We do not in the least exaggerate in ascribing this sort of action and power to an idea. We form an ideal, a so to speak embodied idea, and our ideal exercises the very strongest formative influence upon us. Why do you devote yourself to this pursuit, to that cause? Because twenty years ago such and such an idea struck me, is the sort of history which might be given of every purposeful life, every life devoted to the working out of an idea.

Now is it not marvelous that recognizing as we do the potency of an idea, both the word and the conception it covers ever so little into our thought of education? Coleridge brings the conception of an idea within the sphere of the scientific thought of today; not as that thought is expressed in psychology, a term which he himself launched upon the world with an apology, but it is one of our language stands in great need. But in that science of the correlation and interaction of mind and brain which is, at present, rather clumsily expressed in such terms as mental physiology and psychophysiology.

In his method, Coleridge gives us the following illustration of the rise and progress of an idea. We can recall no incident of human history that impresses the imagination more deeply than the moment when Columbus, or an unknown ocean, first perceived that startling fact, the change of the magnetic needle. How many such instances occur in history when the ideas of nature – presented to chosen minds by a higher power than nature herself - suddenly unfold, it were, in prophetic succession, systematic views destined to produce the most important revolutions in the state of man.
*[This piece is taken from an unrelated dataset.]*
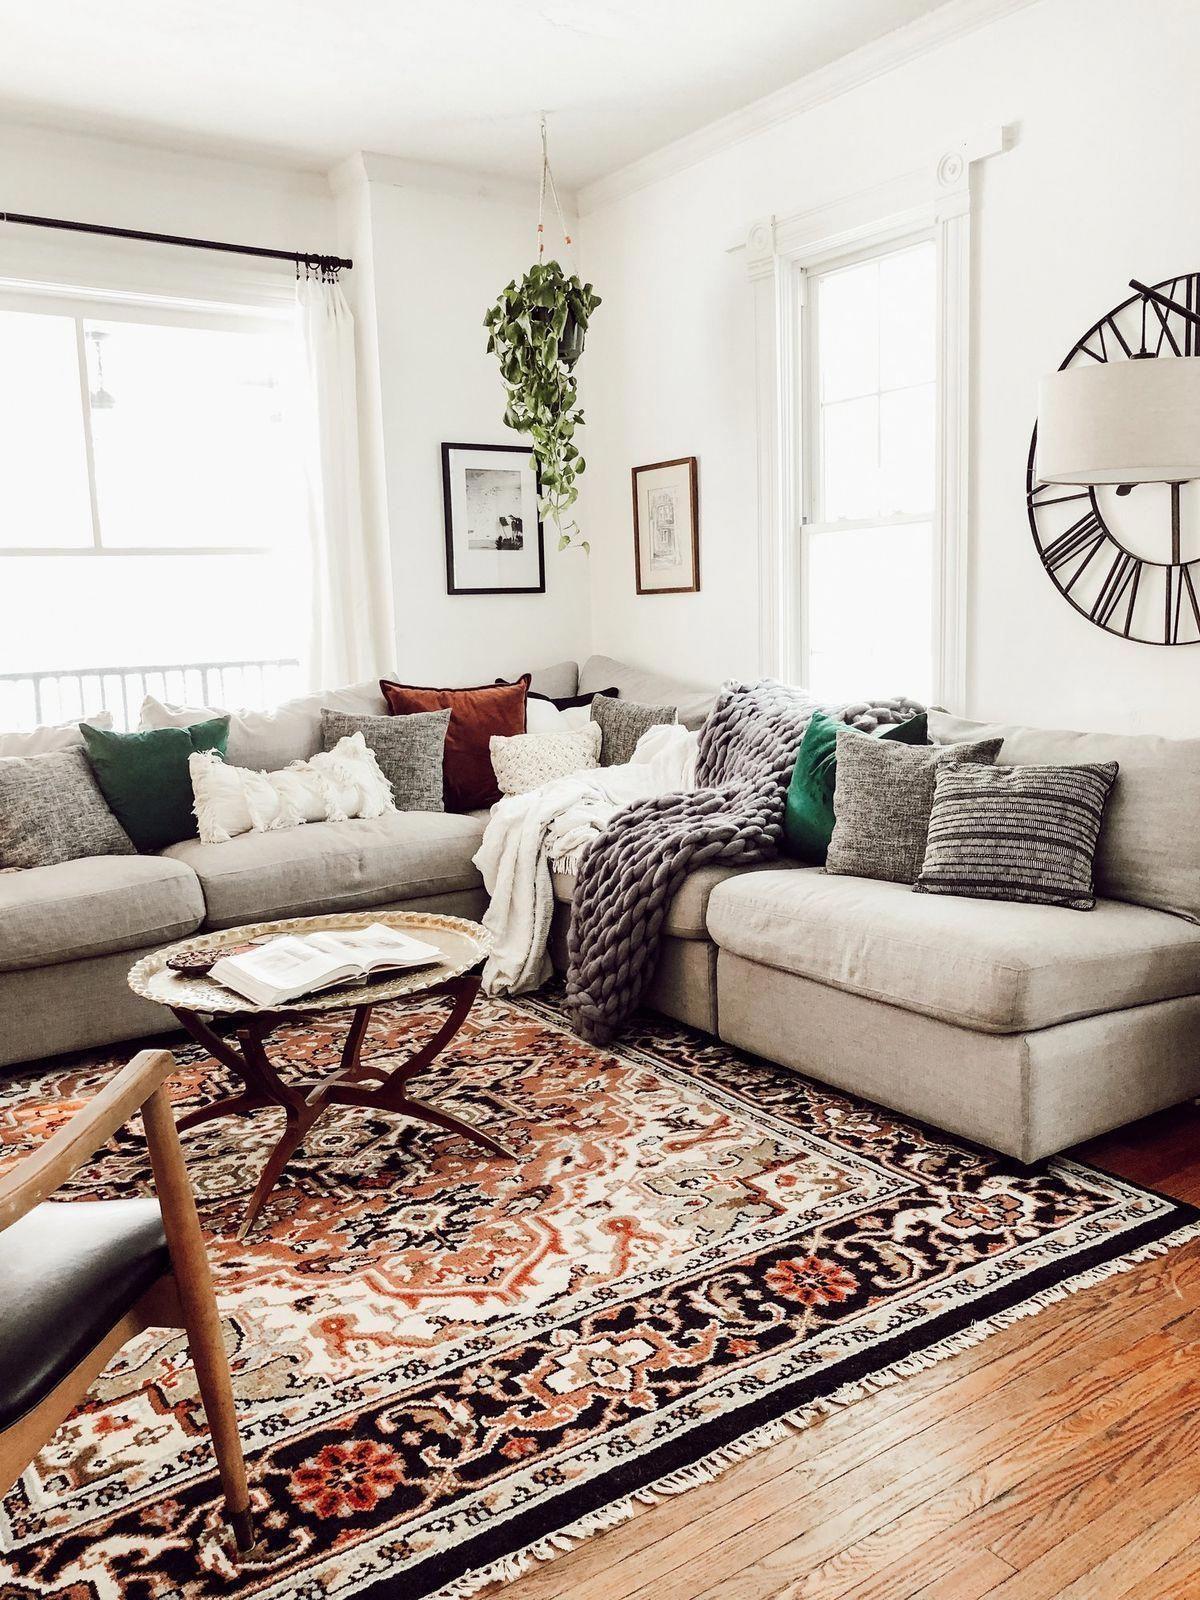 Home Interior Design Game Online: Home Interior Design Games Free #Homeinteriordesign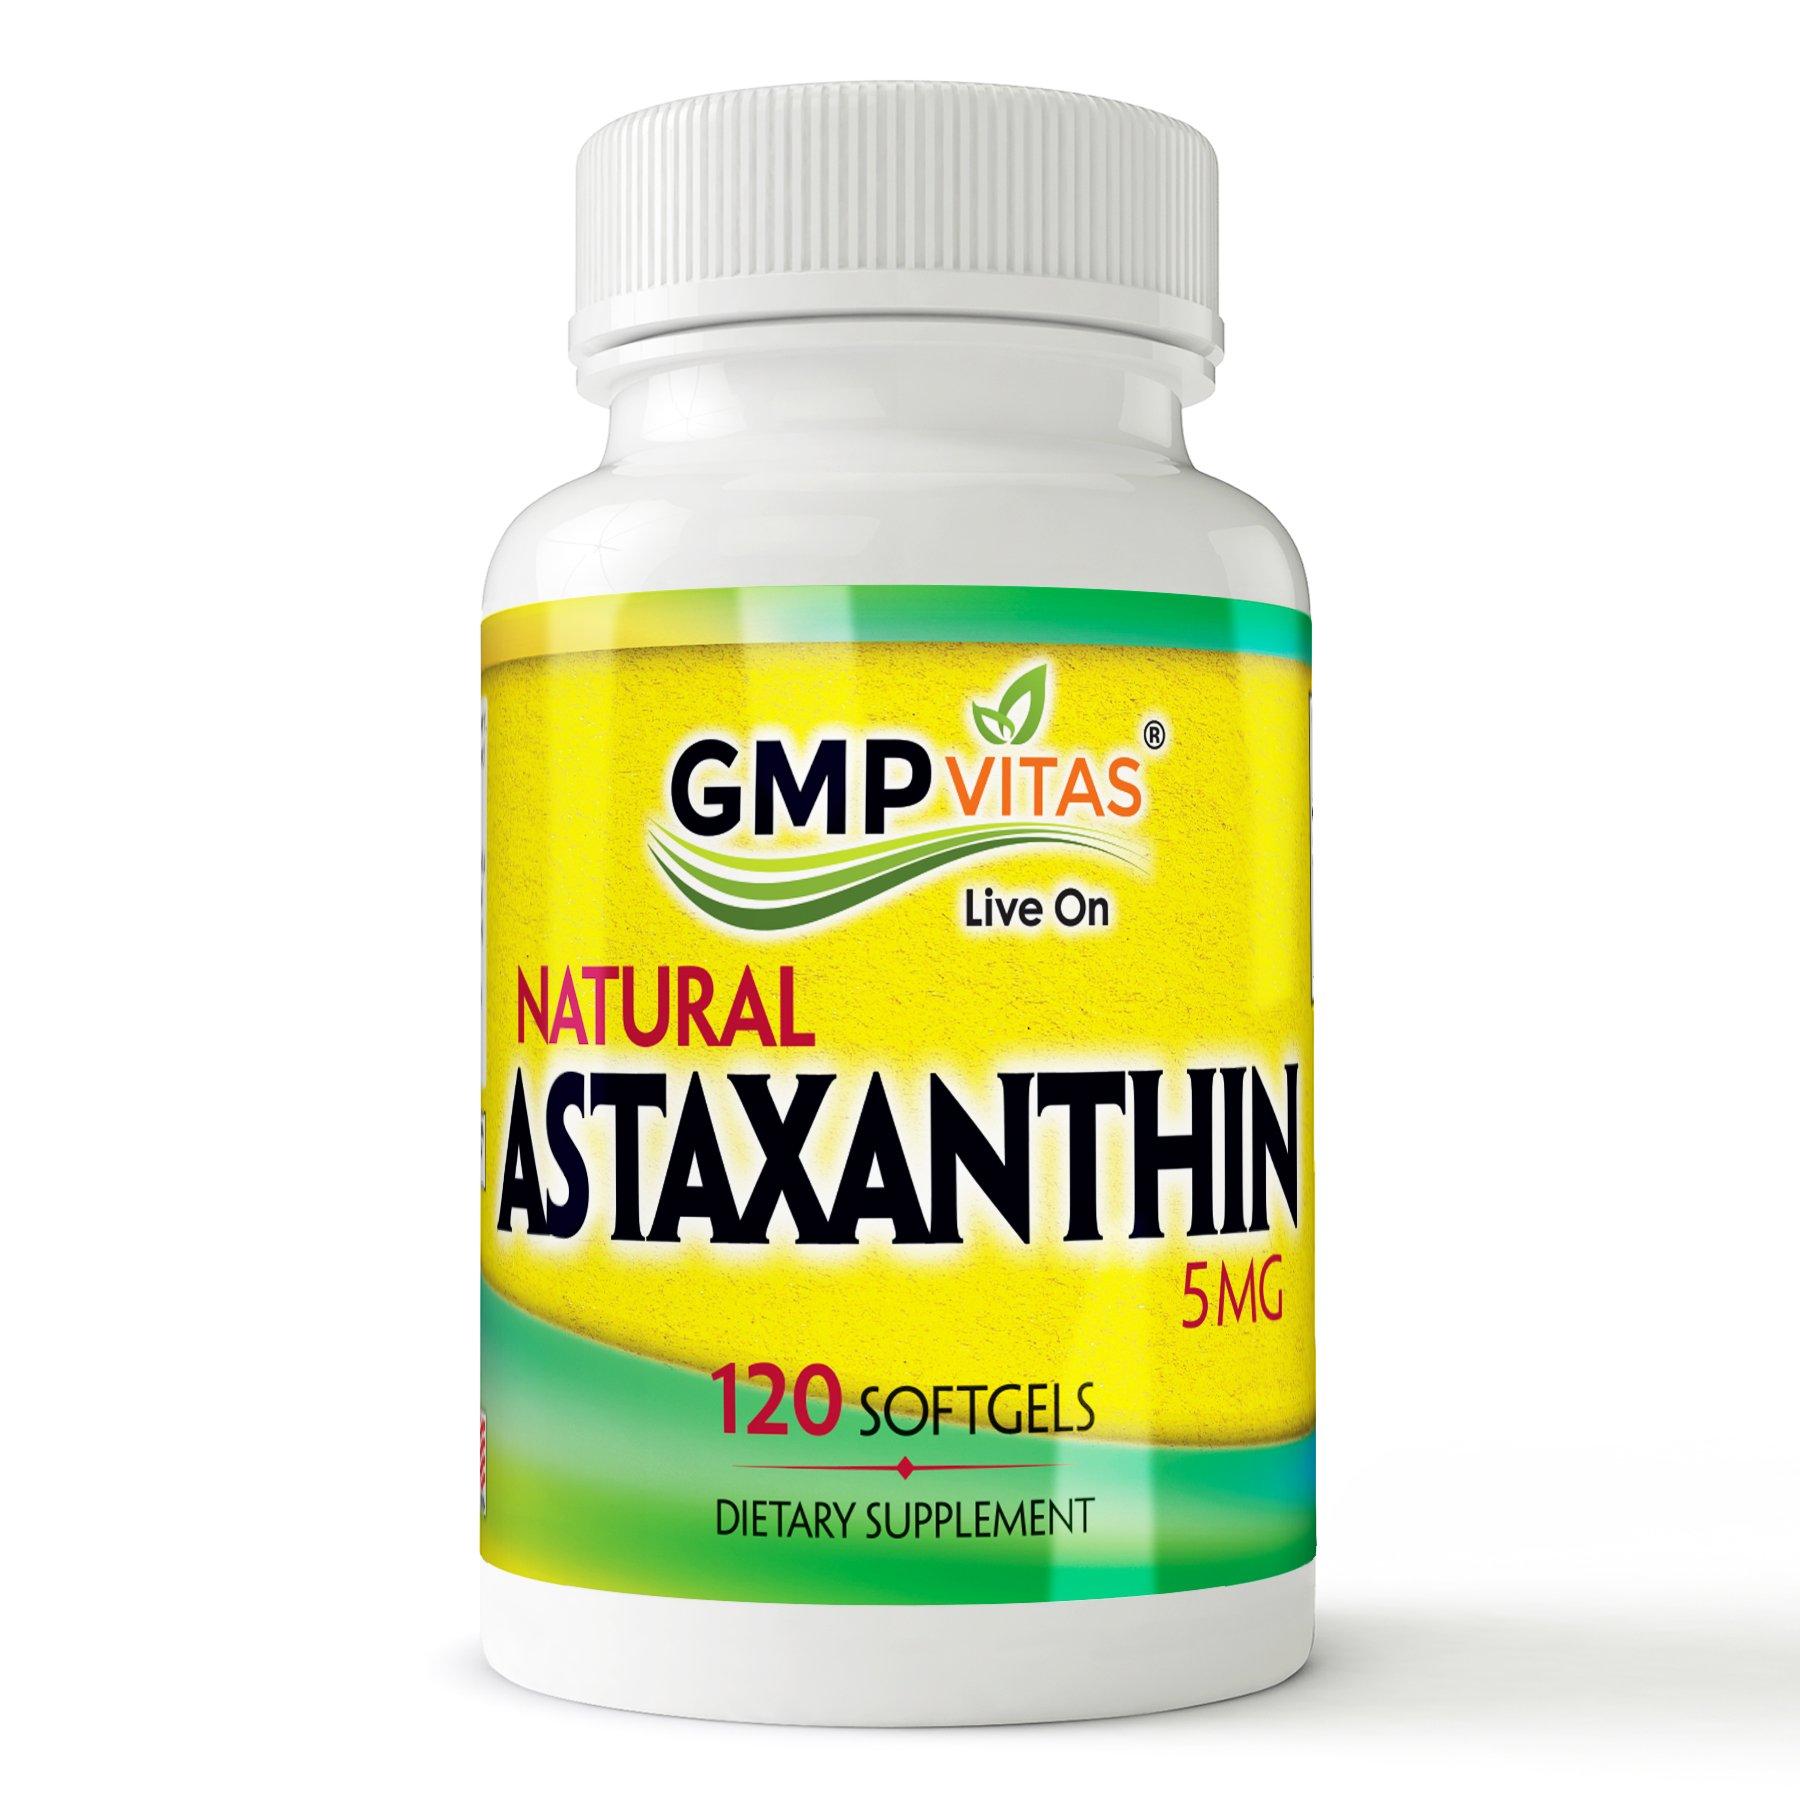 GMP vitas Natural Astaxanthin 5 MG, 120 Softgels, Dietary Supplement

The clear spirit of Columbus was doubtless eminently methodical. He saw distinctly that great leading idea which authorized the poor pilot to become a promiser of kingdoms. Notice the genesis of such ideas presented to chosen minds by a higher power than nature. Notice how accurately this history of an idea fits in with what we know of the history of great inventions and discoveries, with that of the idea which rule our own lives, and how well does it correspond with that key to the origin of practical ideas which we find elsewhere.

Doth the plowman plow continually to open and break the clods of his ground? When he hath made plain the face thereof, doth he not cast abroad the fitches and scatter the cumin and put in the wheat in rows, and the barley in the appointed place, and the spelt in the border thereof? For his God doth instruct him aright and doth teach him. Bread corn is ground, for he will not ever be threshing it. This also cometh forth from the Lord of hosts which is a wonderful counsellor and excellent in wisdom.

Ideas may invest as an atmosphere rather than striking as a weapon. The idea may exist in a clear, distinct, definite form, as that of a circle in the mind of a geometrician. Or it may be a mere instinct, a vague appetency towards something, like the impulse which fills the young poet’s eyes with tears, he knows not why. To excite this appetency towards something. Towards things lovely, honest, and of good report, is the earliest and most important ministry of the educator.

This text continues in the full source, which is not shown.